3‐D Nanofabrication of Silicon and Nanostructure Fine‐Tuning via Helium Ion Implantation

Abstract Despite the continued scaling down of semiconductor manufacturing, traditional lithography‐based nanofabrication only produces thin film structures, not 3‐D shapes. 3‐D nanofabrication remains a major challenge, especially for semiconductor materials. Most 3‐D nanofabrication techniques, such as two‐photon printing and stereolithography, mostly work for polymer materials, not solid‐state semiconductor materials. Here, a method capable of fabricating sophisticated 3‐D nanostructures of silicon based on the subsurface swelling phenomenon using focused helium ion swelling is reported. Silicon nanosphere arrays, hierarchical nanospheres mimicking compound lenses, nano‐Taichi symbols, three‐layer nanotowers, and nanopumpkins have been demonstrated, which are challenging for existing nanofabrication technology.
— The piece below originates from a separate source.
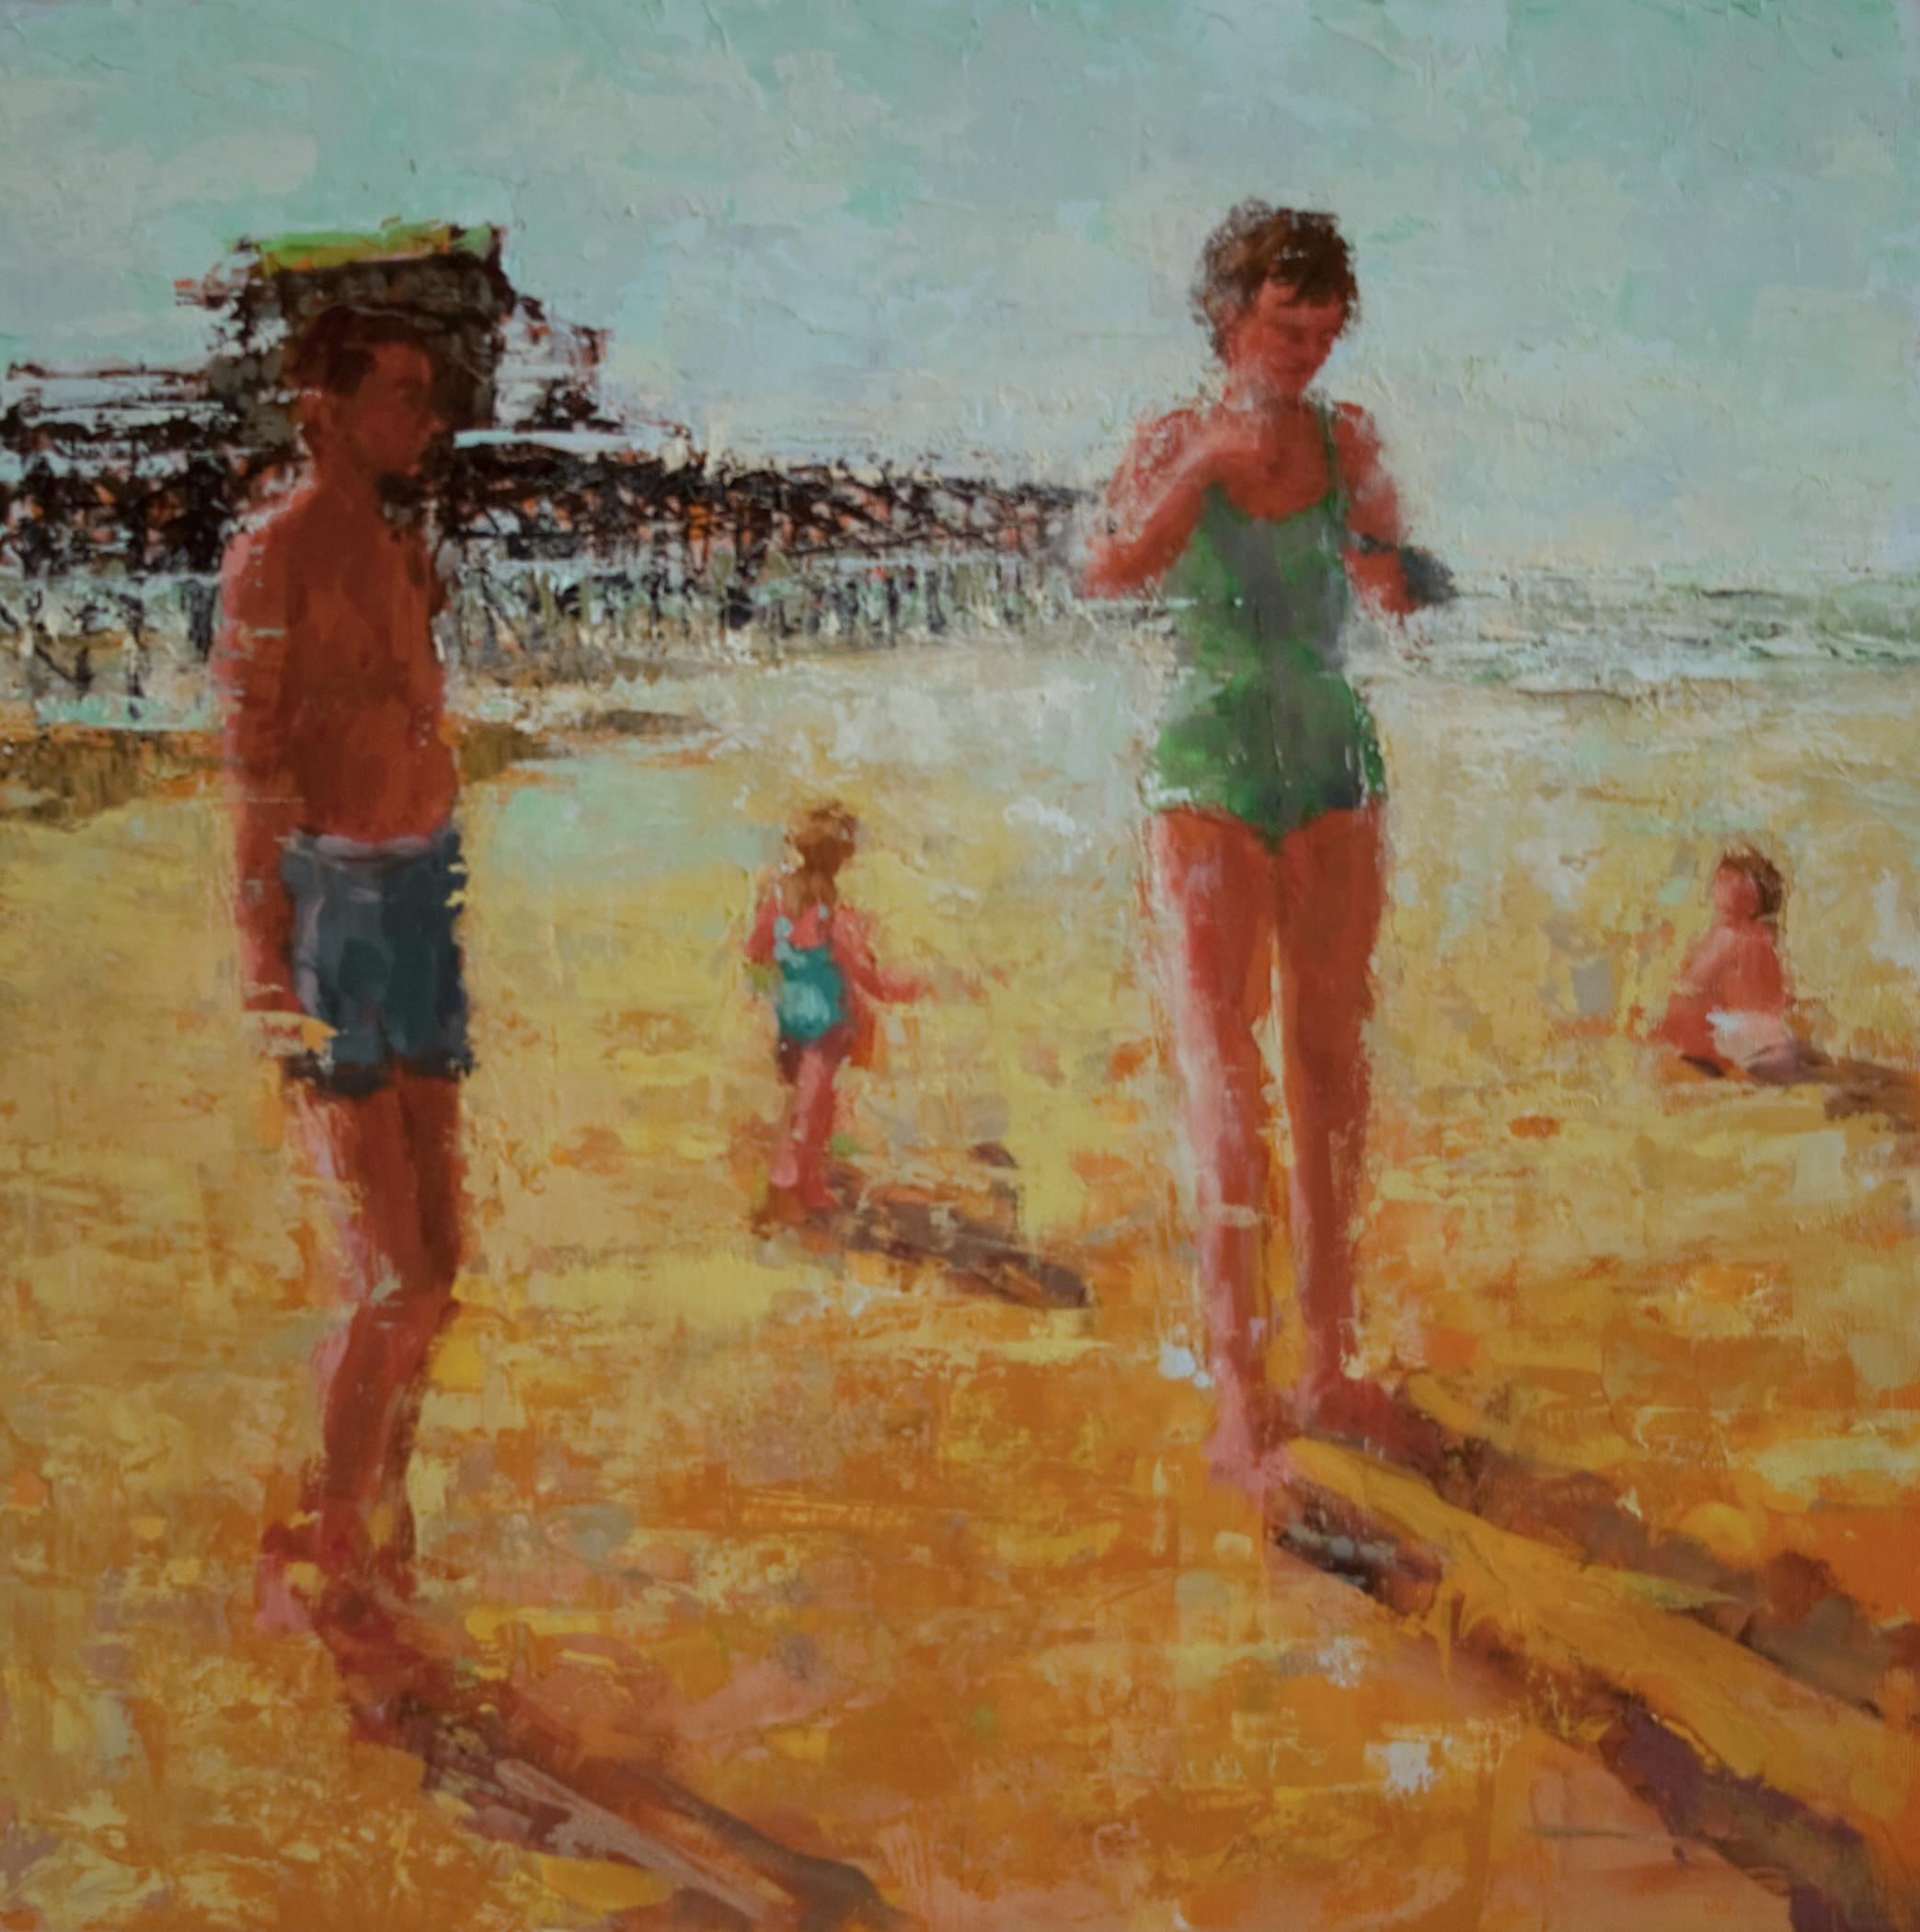 "Springmaid Pier, oil on panel, 12"" x 12"", 2010"

The produced silicon nanostructures exhibit super small surface roughness as small as 0.1 nm, two orders of magnitude better than existing 3‐D nanofabrication technologies normally above 10 nm. The super small surface roughness opens doors for many exciting applications in photonics, indicating small photon losses. Moreover, it is demonstrated ultraprecise fine‐tuning of critical dimensions of ready‐made nanostructures or nanodevices, such as tuning the tilting angle of the tip on the atomic force microscopy probe and reducing the nanogap between two metal electrodes from 200 to 4 nm, which is promising for improving nanodevice performances by tuning the critical dimensions to desired ranges.